Mr Wilson qualified at Sheffield University Medical School and trained in Plastic Surgery in Leeds and Manchester. He undertook a travelling fellowship during 1998 where he spent time in the plastic and hand surgery units at Ljubljana in Slovenia, Zurich, Switzerland and Nancy in France.
He later underwent subspecialty fellowships training in Manchester for breast and hand surgery. Mr Wilson carries out a wide range of cosmetic procedures at The Alexandra Hospital including abdominal reduction, liposuction, breast enlargement and reduction, rhinoplasty (nasal surgery), face lift and eyelid surgery as well as thigh and arm lift surgery.
Professor Steve Schey is a Professor of Haematology based at King's College Hospital in London.
Prof Schey qualified at St George's Hospital in 1974, and later travelled to Australia where he worked at the Institute of Clinical Pathology and Medical Research in Sydney as Clinical Lecturer in Haematology.
He returned to London where he was the Bone Marrow Transplant Co-ordinator at the Royal Free Hospital and then the Royal Marsden.
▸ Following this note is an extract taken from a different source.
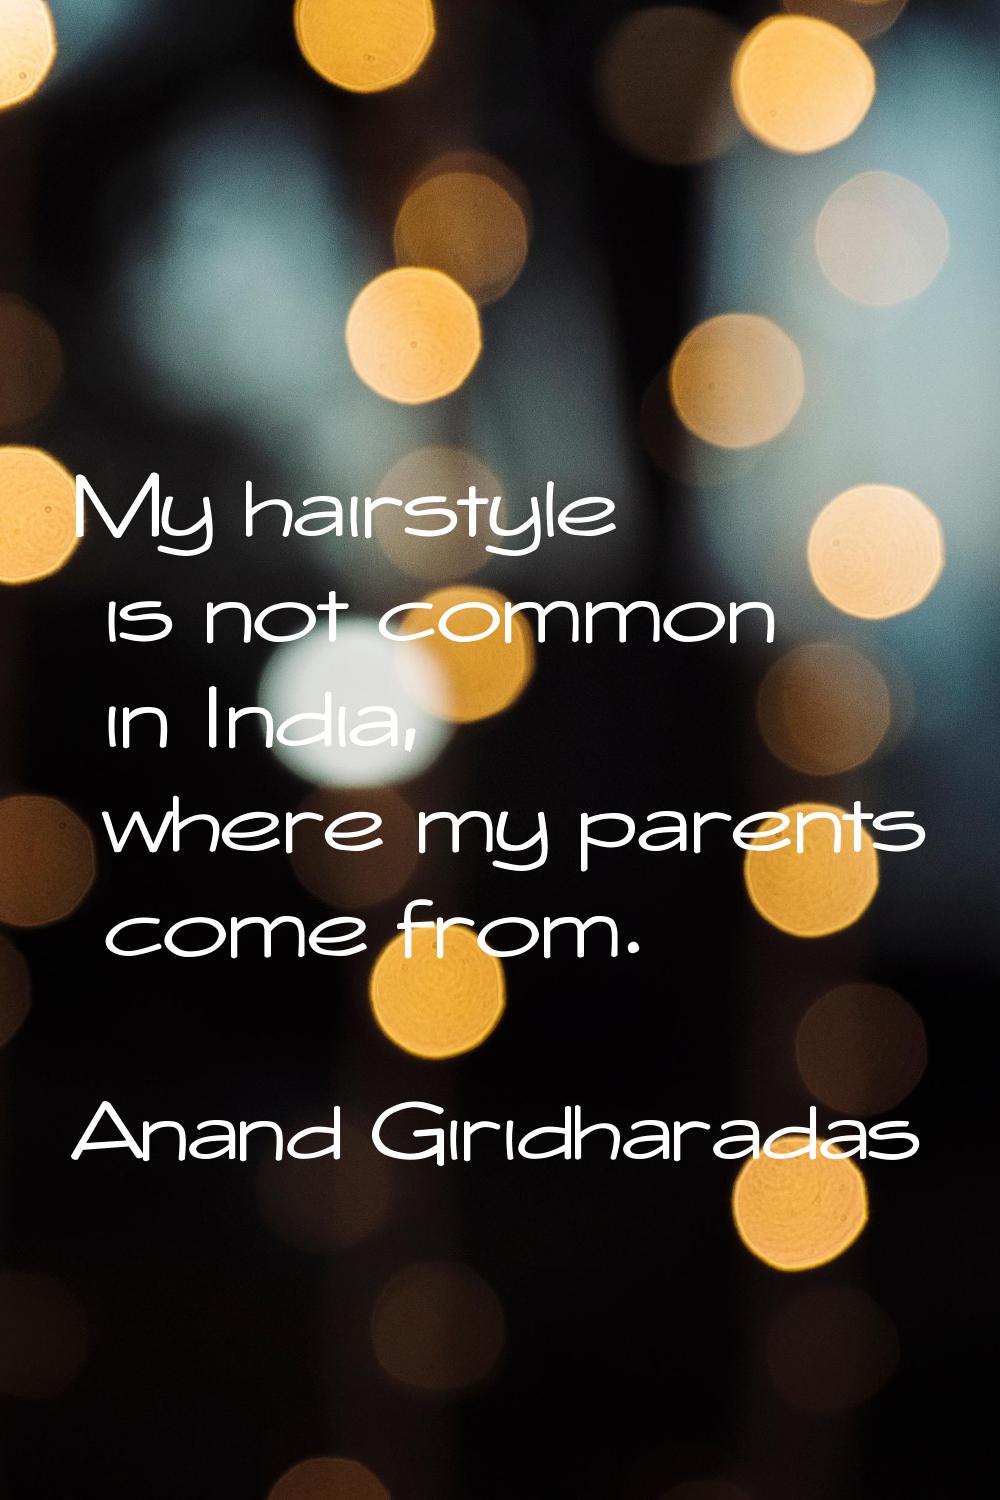 My hairstyle is not common in India, where my parents come from.

Later he moved to the Middlesex Hospital and subsequently served as Director of Clinical Haematology for the Guy's/St Thomas' Trust from 1993-2004 before moving to King’s College Hospital in 2005.
Professor Steve Schey was Secretary and then Chair of the UK Myeloma Forum 1999-2009. He has been Clinical Lead for South East Thames Cancer Network, since 2005. In addition, he is amember of the National Cancer Research Institute (NCRI) Haemoncology Cancer Steering Group, the NCRI Industry Adoption Panel and Chairman of the NCRI Myeloma Clinical Trials Committee.
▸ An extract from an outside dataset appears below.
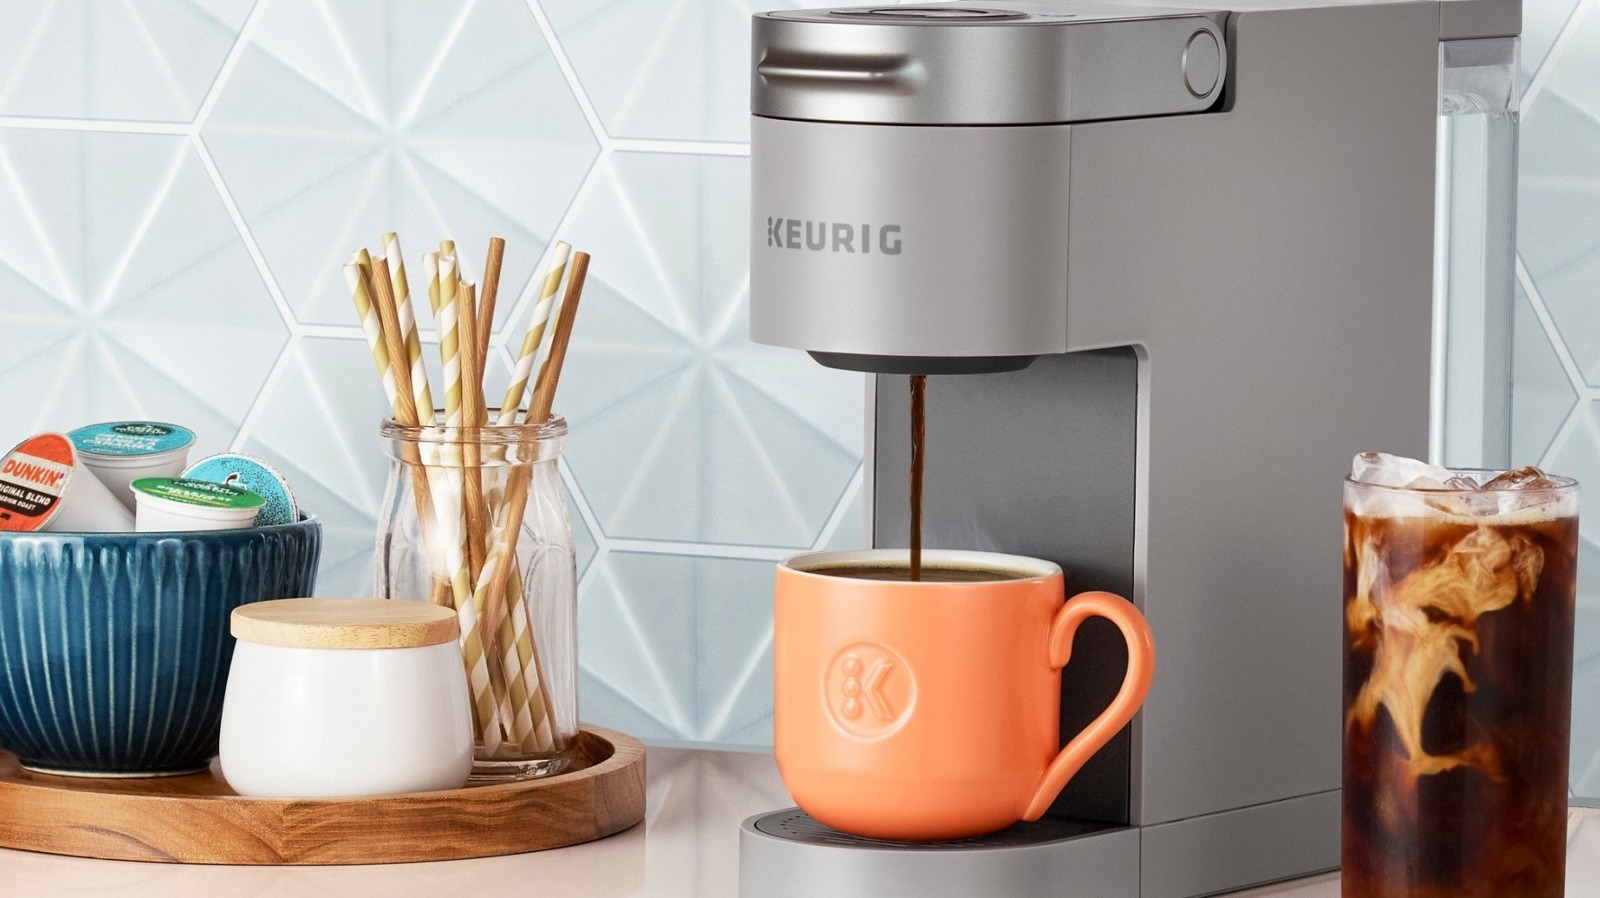 https://www.foodrepublic.com/img/gallery/amazons-prime-day-deal-on-its-slimmest-keurig-makes-room-for-your-coffee-pod-stock/l-intro-1689091870.jpg
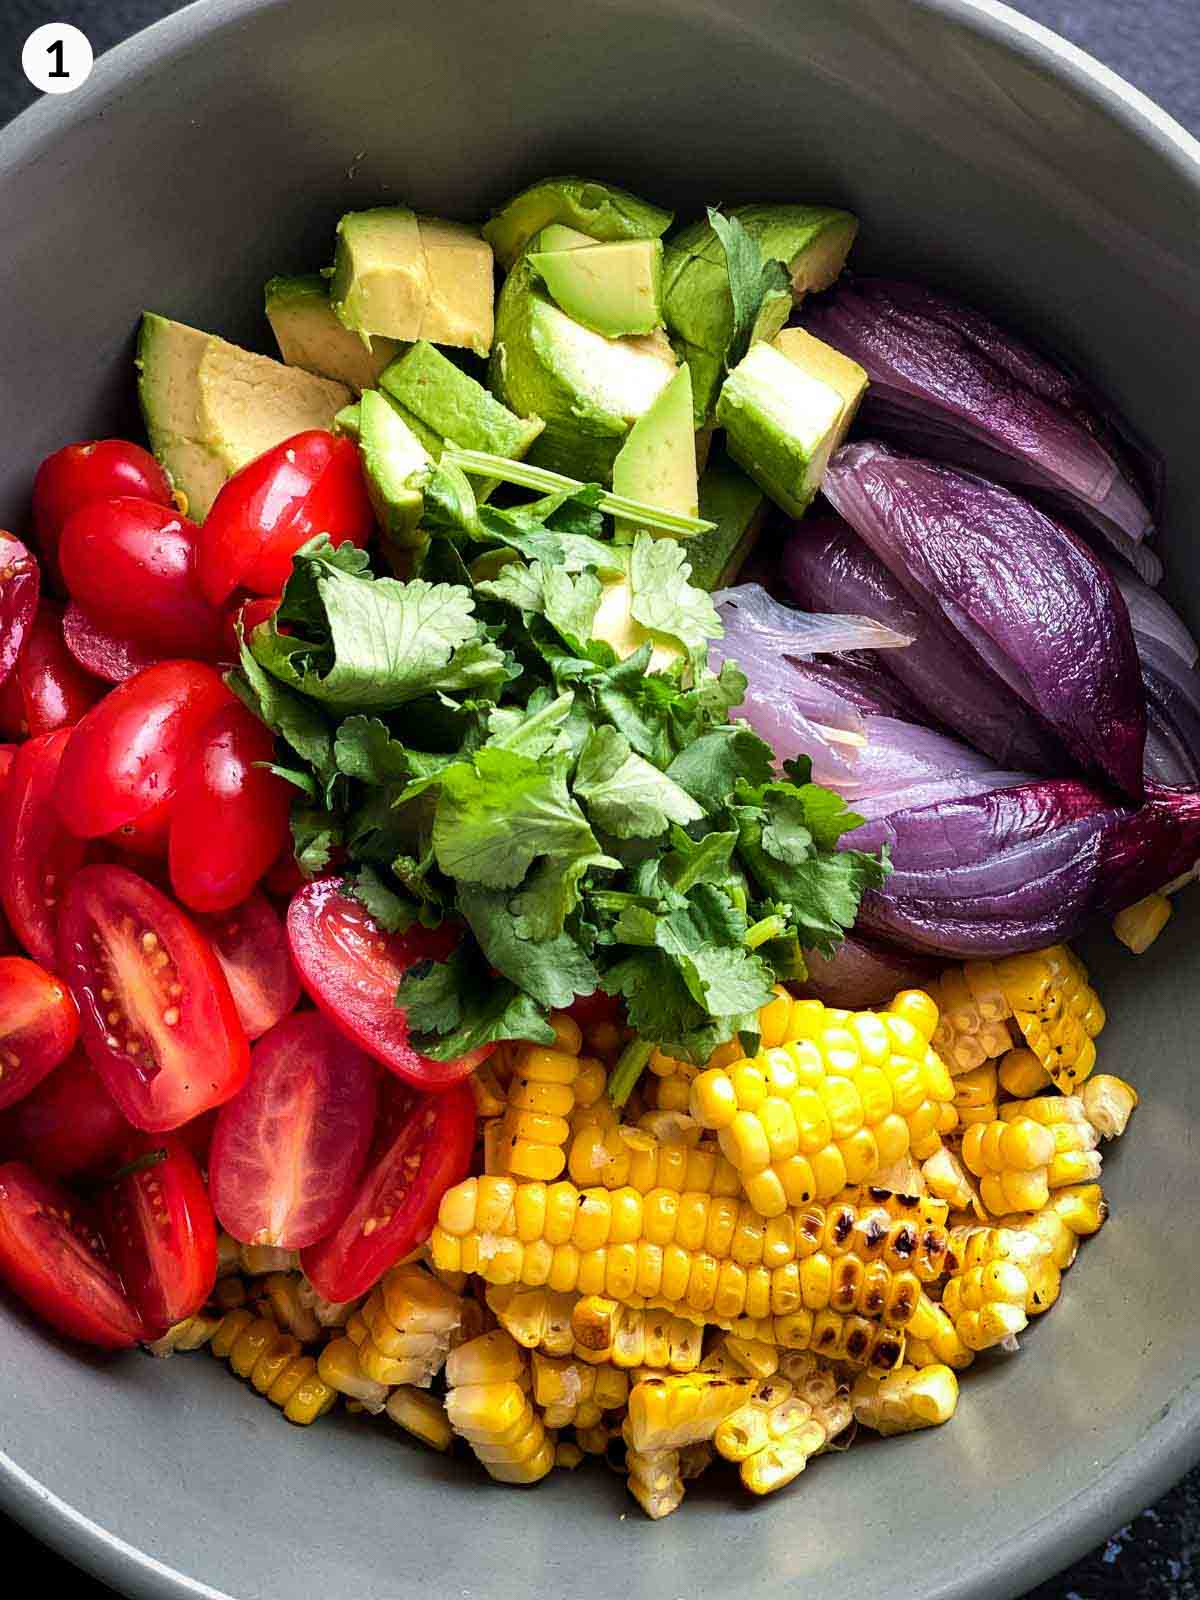 Cherry tomatoes, sliced charred corn, roasted onion wedges, avocado and coriander in a grey bowl

Dr Steve Harland is a Consultant Medical Oncologist based at University College London Hospitals NHS Foundation Trust.
Dr Harland trained in medical oncology at the Royal Marsden Hospital following 3 years of research on clinical pharmacology (Hammersmith Hospital) and biochemical pharmacology (Institute of Cancer Research, Sutton). His MD thesis was on mechanisms of resistance to chemotherapy in human tumours. He worked as a senior lecturer in medical oncology for a year in Glasgow before being appointed to the Institute of Urology, UCL
Dr Harland was appointed Senior Lecturer in Medical Oncology at the Institute of Urology in 1986. Since then he has specialised in testis, bladder and prostate cancers and has led on the medical oncological treatment of these tumours at Middlesex and University College Hospitals.
He has served as Chairman of the MRC Bladder Cancer Group, of the North London Urology Tumour Board and he continues to chair the Castration-resistant Subgroup of the National Cancer Research Network Prostate Cancer Clinical Studies Group. He was on the Editorial Committee of the Government’s document for improving outcomes in urological cancer. He frequently speaks at International meetings.
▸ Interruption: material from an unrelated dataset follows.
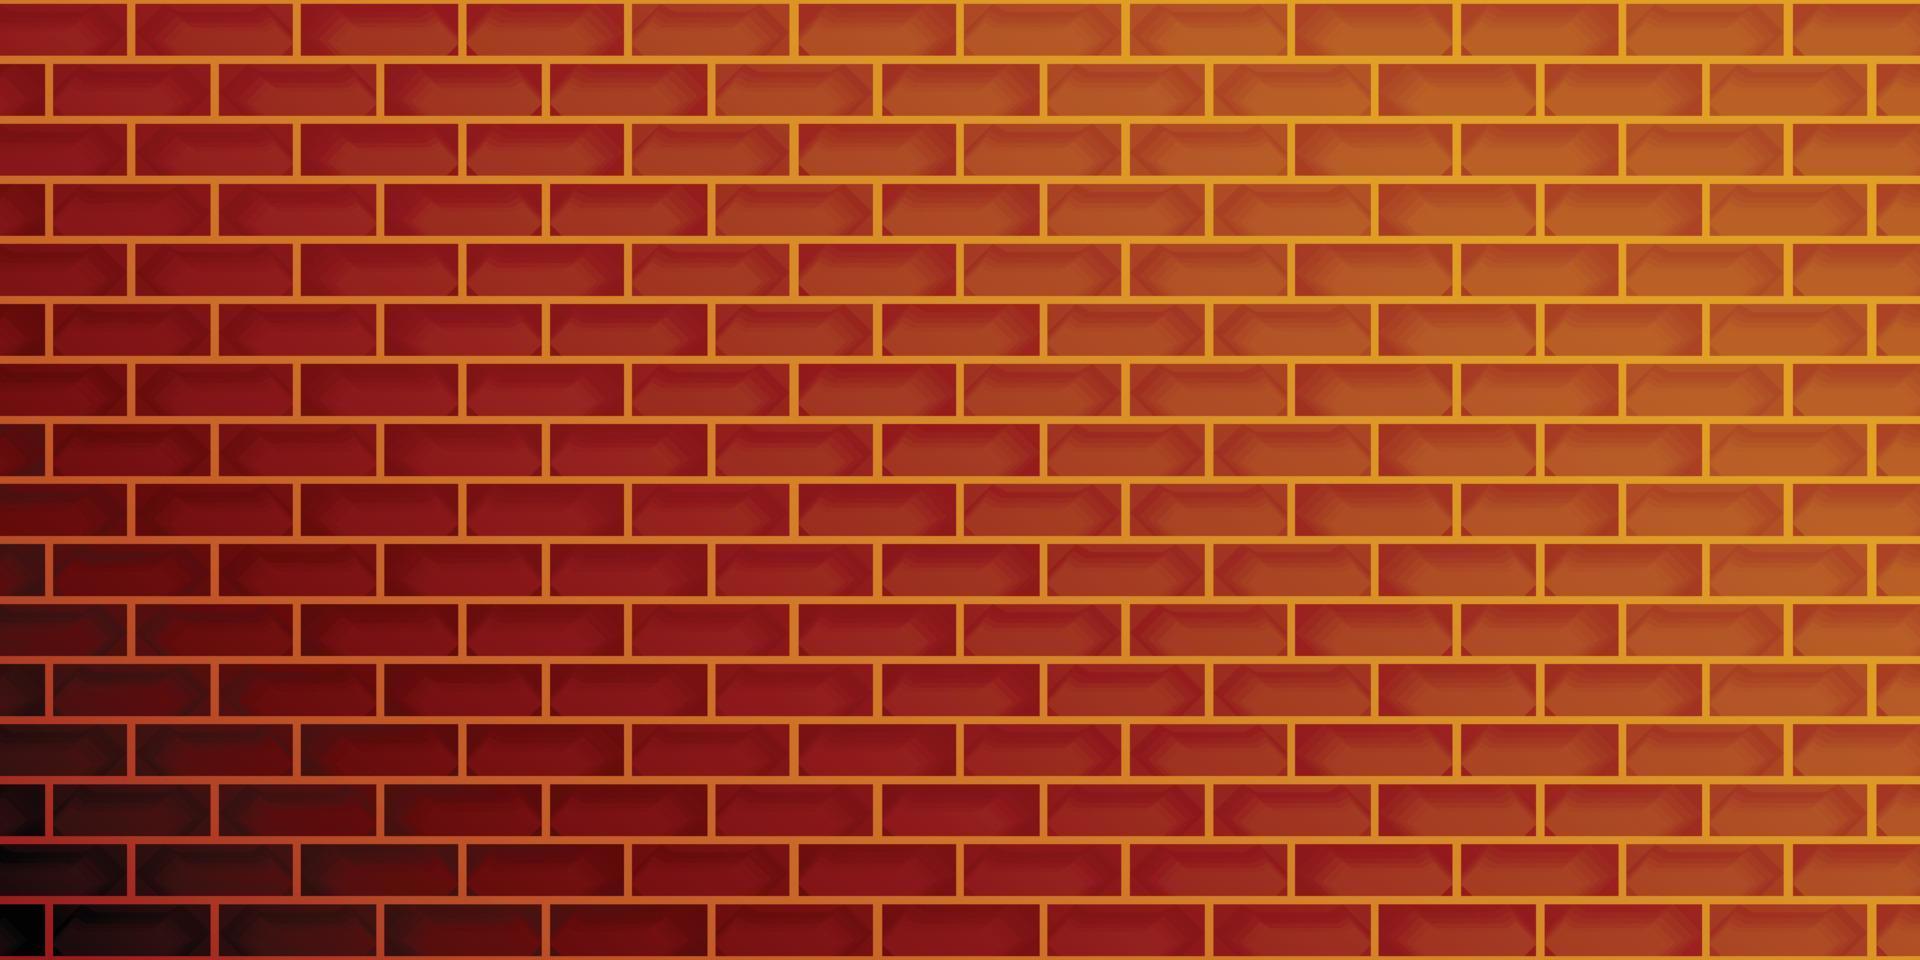 Brick wall light shiny abstract background brown color texture wallpaper backdrop pattern seamless vector illustration

Professor Stephen Mackinnon is a Professor of Haematology based at University College London.
Prof Mackinnon leads the bone marrow and stem cell program at UCL. He attended medical school at the University of Glasgow. He subsequently trained in Internal Medicine and Haemato-oncology in Glasgow. This was followed by a transplant fellowship at the Hammersmith Hospital in London where he developed an interest in graft-versus-leukaemia reactions. In 1990 he moved to Memorial Sloan Kettering Cancer Center in New York to continue this work in both the clinic and the lab. He made the use of donor lymphocytes less toxic by limiting the T cell dose administered to transplant recipients allowing separation of graft-versus-leukaemia responses from graft-versus-host disease.
In 1995 he returned to University College London to his current position. He became the Clinical and Academic Head of Department at the Royal Free Campus in 2004 and has recruited a highly effective and productive group of clinical and laboratory haematologists. He is an expert in the treatment of leukaemia, lymphoma, myeloma and in the use of bone marrow and stem cell transplantation to promote long-term cure of haematological malignancies. Current research interests include adoptive immunotherapy and immune reconstitution following allogeneic stem cell transplantation.
Stephen is a keen golfer whose desire to have a single figure handicap has been thwarted partly by his career choices, but primarily by a lack of real talent.